→ **Aim of the exercise**
Lines from the records below that contain the word "World" are to be copied out.

→ **Available data**

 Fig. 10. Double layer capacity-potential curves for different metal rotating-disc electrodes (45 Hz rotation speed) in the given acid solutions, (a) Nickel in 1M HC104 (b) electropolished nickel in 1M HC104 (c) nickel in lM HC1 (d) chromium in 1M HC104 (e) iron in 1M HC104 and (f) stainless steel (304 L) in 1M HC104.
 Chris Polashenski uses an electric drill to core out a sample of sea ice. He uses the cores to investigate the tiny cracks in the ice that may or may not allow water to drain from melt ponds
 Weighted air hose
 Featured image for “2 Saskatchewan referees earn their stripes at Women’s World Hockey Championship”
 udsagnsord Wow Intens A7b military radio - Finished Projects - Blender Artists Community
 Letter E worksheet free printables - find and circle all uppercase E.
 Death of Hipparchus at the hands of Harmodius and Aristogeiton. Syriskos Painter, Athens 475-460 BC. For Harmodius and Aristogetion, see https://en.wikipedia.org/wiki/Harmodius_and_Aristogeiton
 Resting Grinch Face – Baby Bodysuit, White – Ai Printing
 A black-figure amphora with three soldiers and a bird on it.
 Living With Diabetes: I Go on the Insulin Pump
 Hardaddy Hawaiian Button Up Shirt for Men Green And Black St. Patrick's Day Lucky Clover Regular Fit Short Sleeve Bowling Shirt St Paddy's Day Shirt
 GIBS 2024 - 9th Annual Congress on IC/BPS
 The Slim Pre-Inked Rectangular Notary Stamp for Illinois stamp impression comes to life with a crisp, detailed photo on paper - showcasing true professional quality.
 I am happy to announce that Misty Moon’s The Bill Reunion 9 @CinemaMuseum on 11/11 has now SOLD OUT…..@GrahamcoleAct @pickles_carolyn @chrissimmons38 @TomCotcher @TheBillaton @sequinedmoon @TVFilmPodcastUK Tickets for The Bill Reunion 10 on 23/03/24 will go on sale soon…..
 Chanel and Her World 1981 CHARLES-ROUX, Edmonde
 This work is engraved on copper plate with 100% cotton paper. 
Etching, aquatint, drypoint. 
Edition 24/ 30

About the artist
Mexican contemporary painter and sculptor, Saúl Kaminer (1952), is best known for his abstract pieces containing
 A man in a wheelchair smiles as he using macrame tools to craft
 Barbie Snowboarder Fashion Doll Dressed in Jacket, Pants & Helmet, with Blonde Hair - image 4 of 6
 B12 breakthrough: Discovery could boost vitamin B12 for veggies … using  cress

→ **Solution for this problem**
 Featured image for “2 Saskatchewan referees earn their stripes at Women’s World Hockey Championship”
 Chanel and Her World 1981 CHARLES-ROUX, Edmonde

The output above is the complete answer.